First Amendment to Employment Letter Agreement, dated January 3, 2023, by and between EyePoint Pharmaceuticals, Inc. and Nancy S. Lurker

Contract Categories: Human Resources - Employment Agreements
EX-10.2 3 eypt-ex10_2.htm EX-10.2 EX-10.2

 

Exhibit 10.2

 

FIRST amendment to employment LETTER agreement

FIRST AMENDMENT TO EMPLOYMENT LETTER AGREEMENT (this “Amendment”), dated as of January 3, 2023, between EyePoint Pharmaceuticals, Inc. (the “Company”), and Nancy S. Lurker (“Employee”).

 

W I T N E S S E T H

WHEREAS, the Company and Employee have previously entered into that certain employment letter agreement, dated September 15, 2016 (the “Employment Agreement”);

 

WHEREAS, the Company and Employee desire to enter into this Amendment to modify certain provisions of the Employment Agreement regarding Employee’s title and severance benefits.

 

NOW, THEREFORE, for good and valuable consideration, the receipt and adequacy of which is hereby acknowledged, the parties hereto agree as follows:

 

1.
Definitions. Capitalized terms used herein and not otherwise defined herein shall have the meanings ascribed thereto in the Employment Agreement.

 

2.
Position and Duties. References in the Employment Agreement to Employee’s title as “President and Chief Executive Officer” are hereby amended to state that Employee’s title is that of “Chief Executive Officer.” Further, the following subsection (d) is hereby added to the end of Section 1 of the Employment Agreement:

 

(d) You agree that you shall, subject to reasonable business travel, perform your duties and responsibilities hereunder on a remote basis from your personal residence.

 

3.
Other Matters Related to Termination. Section 5 of the Employment Agreement is hereby deleted in its entirety and the following is substituted in lieu thereof:

 

(a) Final Compensation. In the event of termination of your employment with the Company, howsoever occurring, the Company shall pay you (i) the Base Salary for the final payroll period of your employment, through the date that your employment terminates; (ii) compensation at the rate of the Base Salary for any vacation time earned but not used as of the date your employment terminates; and (iii) reimbursement, in accordance with Section 2(g) hereof, for business expenses incurred by you but not yet paid to you as of the date your employment terminates; provided you submit all expenses and supporting documentation required within sixty (60) days of the date your employment terminates, and provided further that such expenses are reimbursable under Company policies as then in effect (all of the foregoing, “Final Compensation”).


 

Except as otherwise provided in Section 5(a)(iii), Final Compensation will be paid to you within thirty (30) days following the date of termination (or such shorter period required by law).

 

(b) Severance Payments.
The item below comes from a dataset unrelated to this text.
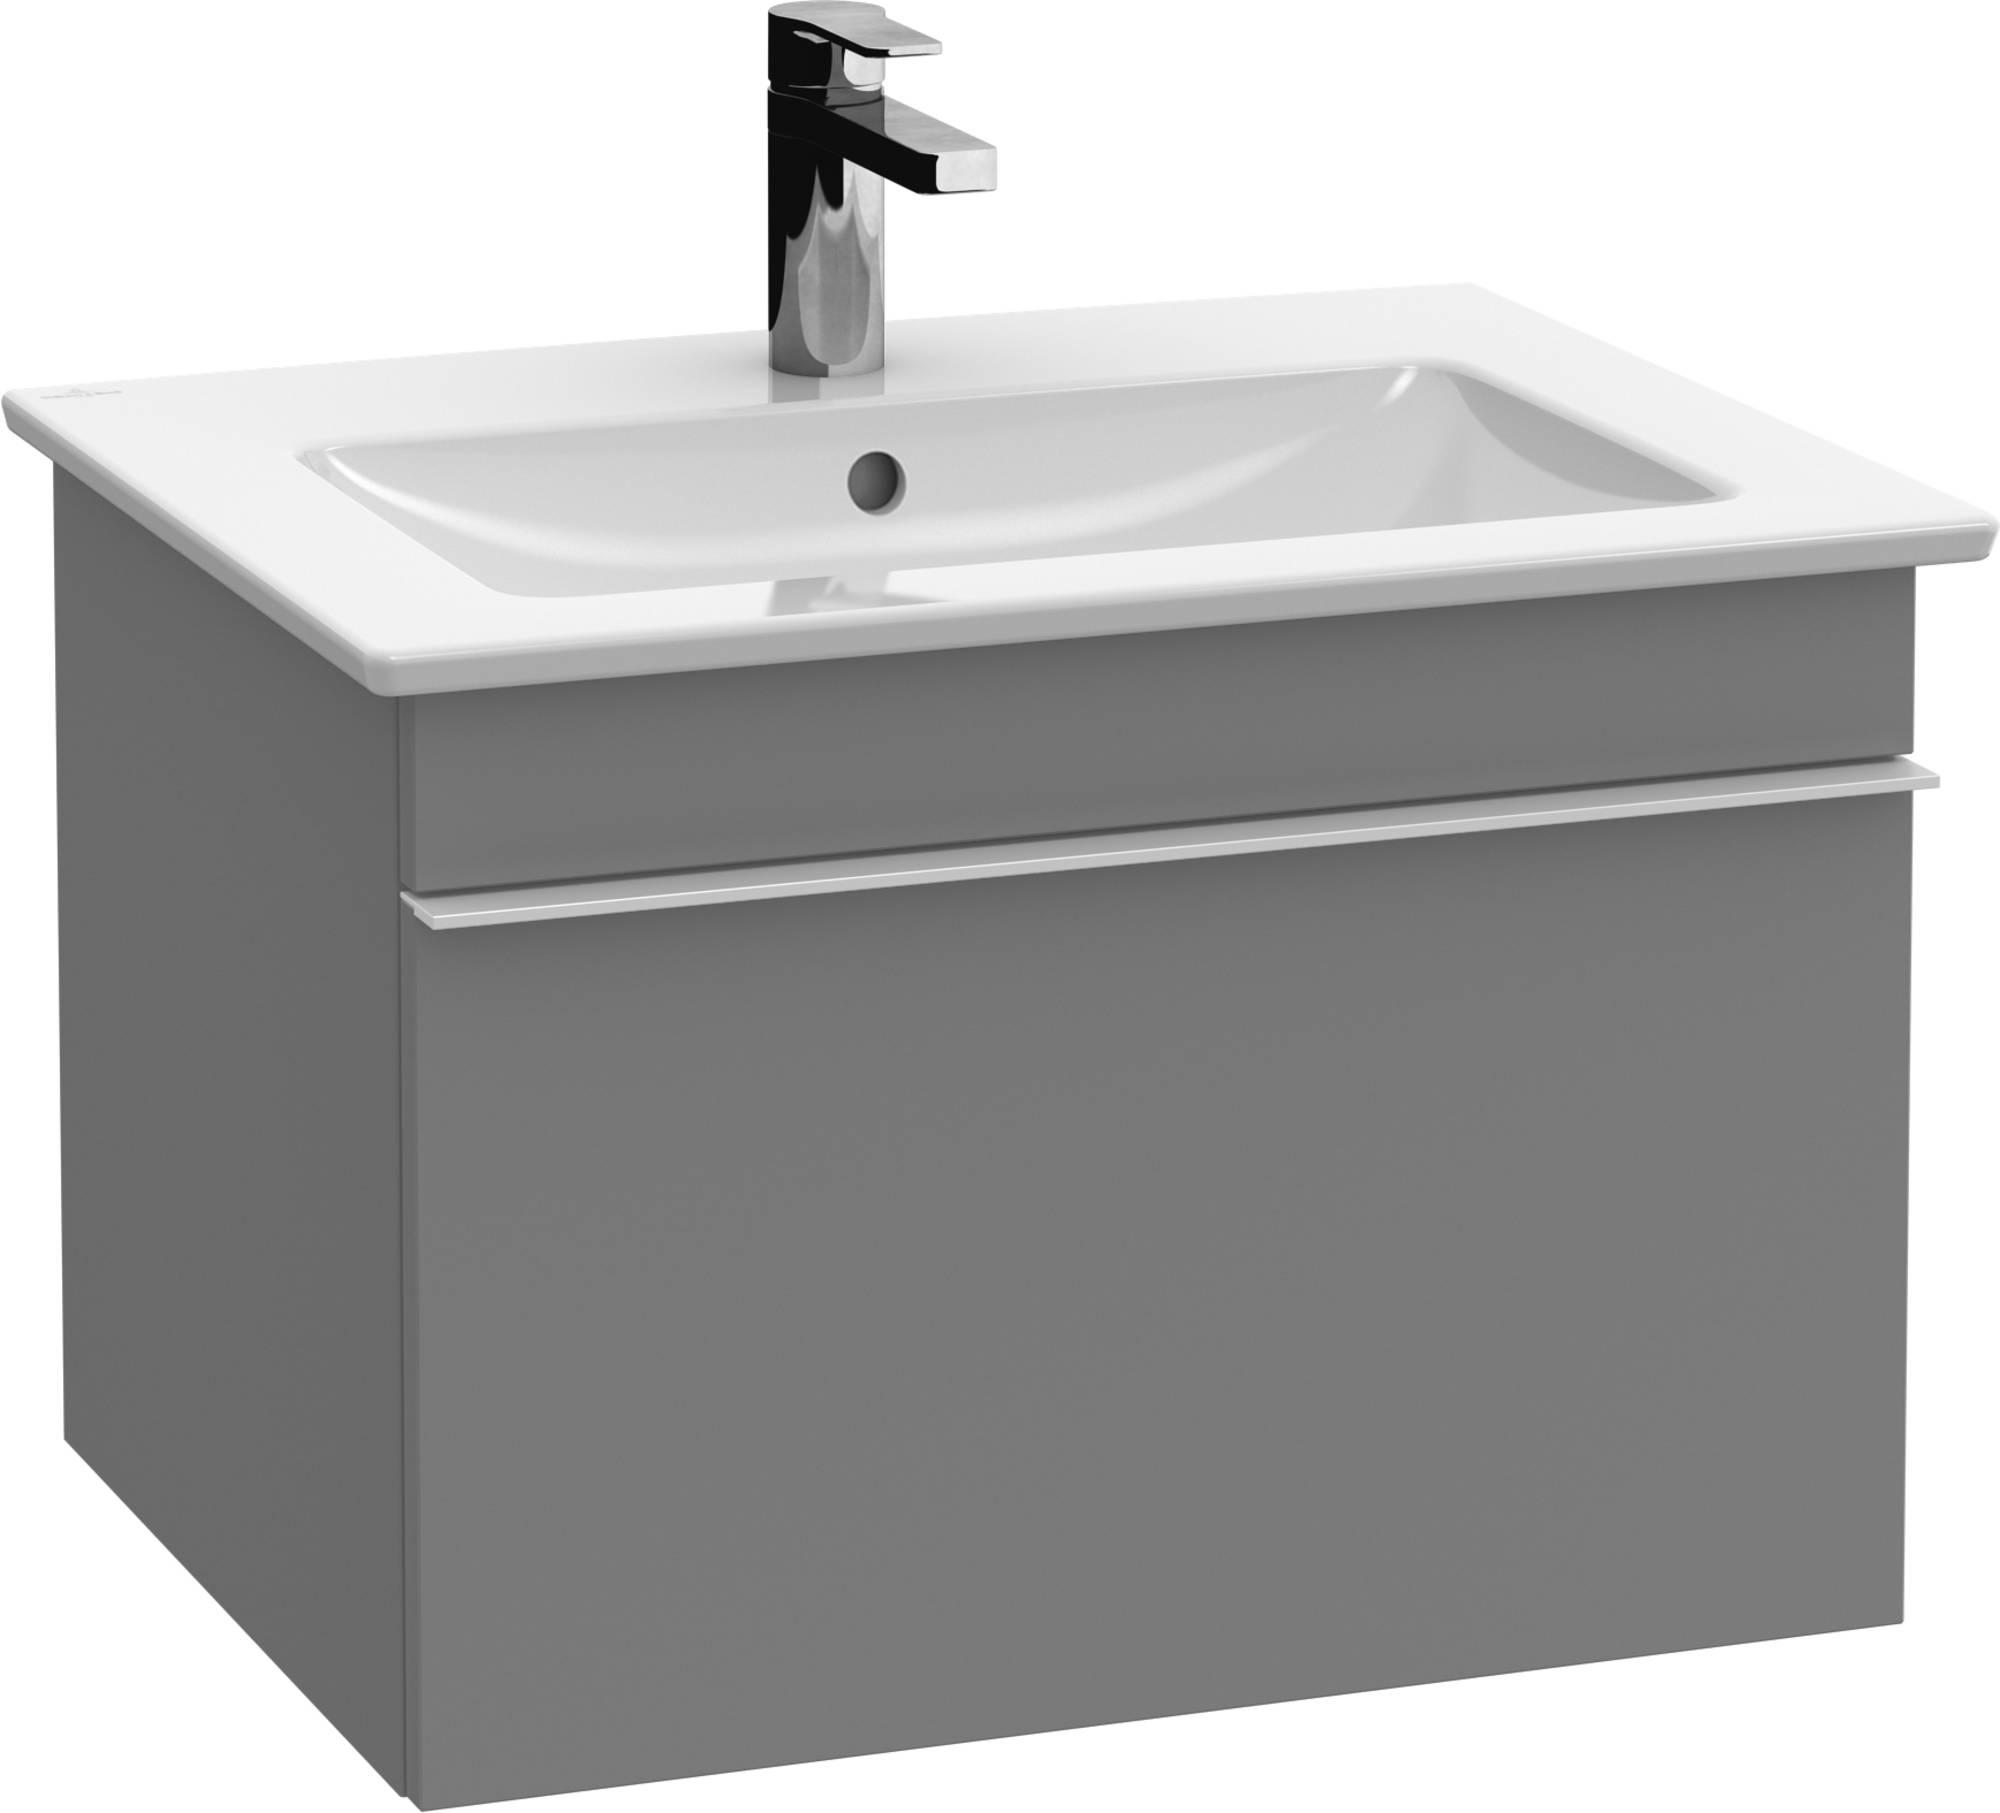 Villeroy&Boch Venticello Wastafelonderkast 60,3x50,2x42  cm  Glossy Grey

Subject to Section 5(c) below, in the event of any termination of your employment pursuant to Section 4(b) or Section 4(c) above, the Company will pay you, in addition to Final Compensation, (i) the Base Salary for the period of eighteen (18) months from the date of termination; (ii) the Target Bonus for the calendar year in which your employment terminates, pro-rated through the date that your employment terminates; (iii) one and one-half (1.5) times the Target Bonus, in cases (i), (ii) and (iii), payable in equal installments during the period of Base Salary continuation under clause (i); and (iv) provided you timely elect continuation coverage for yourself and your eligible dependents under the federal law known as “COBRA” or similar state law, a monthly amount that equals the portion of the monthly health premiums paid by the Company on your behalf and that of your eligible dependents immediately preceding the date that your employment terminates until the earlier of (A) the last day of the period of Base Salary continuation under clause (i) and (B) the date that you and your eligible dependents become ineligible for COBRA coverage pursuant to applicable law or plan terms. The severance payments described in clauses (i) through (iv) above are referred to as the “Severance Payments”. In the event of any termination of your employment pursuant to Section 4(b) or Section 4(c) above, any unvested options to purchase Stock (other than the Options vesting under Section 2(c) in such a termination above) held by you as of immediately prior to your employment termination that would have vested as of the eighteen (18) month anniversary of your employment termination date had you remained in continuous employment with the Company or any subsidiary through such eighteen (18) month anniversary will vest upon your termination of employment and remain exercisable until the earlier of three (3) months following the date of your employment termination and the last day of the option term (the “Termination Acceleration”).

 

(c) Change of Control Severance Payments. In the event of any termination of your employment pursuant to Section 4(b) or Section 4(c) above, in each case within sixty (60) days prior to, or within eighteen (18) months following, the occurrence of a Change of Control (the “Change of Control Period”), the Company will pay you, in addition to Final Compensation and in lieu of the Severance Payments and the Equity Acceleration set forth in Section 5(b) above, (i) the Base Salary for the period of twenty-four (24) months from the date of termination; (ii) the Target Bonus for the calendar year in which your employment terminates, pro-rated through the date that your employment terminates; (iii) two (2) times the Target Bonus; in cases (i), (ii) and (iii), payable in a lump sum; and (iv) provided you timely elect continuation coverage for you and your eligible dependents under the federal law known as “COBRA” or similar state law, a monthly amount that equals the portion of the monthly health premiums paid by the Company on your behalf and that of your eligible


 

dependents immediately preceding the date that your employment terminates until the earlier of (A) the end of the twenty-four (24) month period immediately following the date of termination and (B) the date that you and your eligible dependents become ineligible for COBRA coverage to the extent permissible by law and plan terms. The severance payments described in clauses (i) through (iv) above are referred to as the “Change of Control Severance Payments”. In addition, in the event of any termination of your employment pursuant to Section 4(b) or Section 4(c) above, in each case during the Change in Control Period, all of your then-outstanding equity awards shall immediately accelerate and vest in full upon such termination of employment (or, if later, upon the occurrence of the Change of Control) and any such equity awards that are subject to exercise shall remain exercisable until the earlier of the first anniversary of the date of your employment termination (or three (3) months following the date of your employment termination in the case of any incentive stock options) and the last day of the option term (the “Change of Control Equity Acceleration,” and together with the Inducement Option Acceleration, the Inducement PSU Acceleration, and the Termination Acceleration, the “Equity Acceleration”).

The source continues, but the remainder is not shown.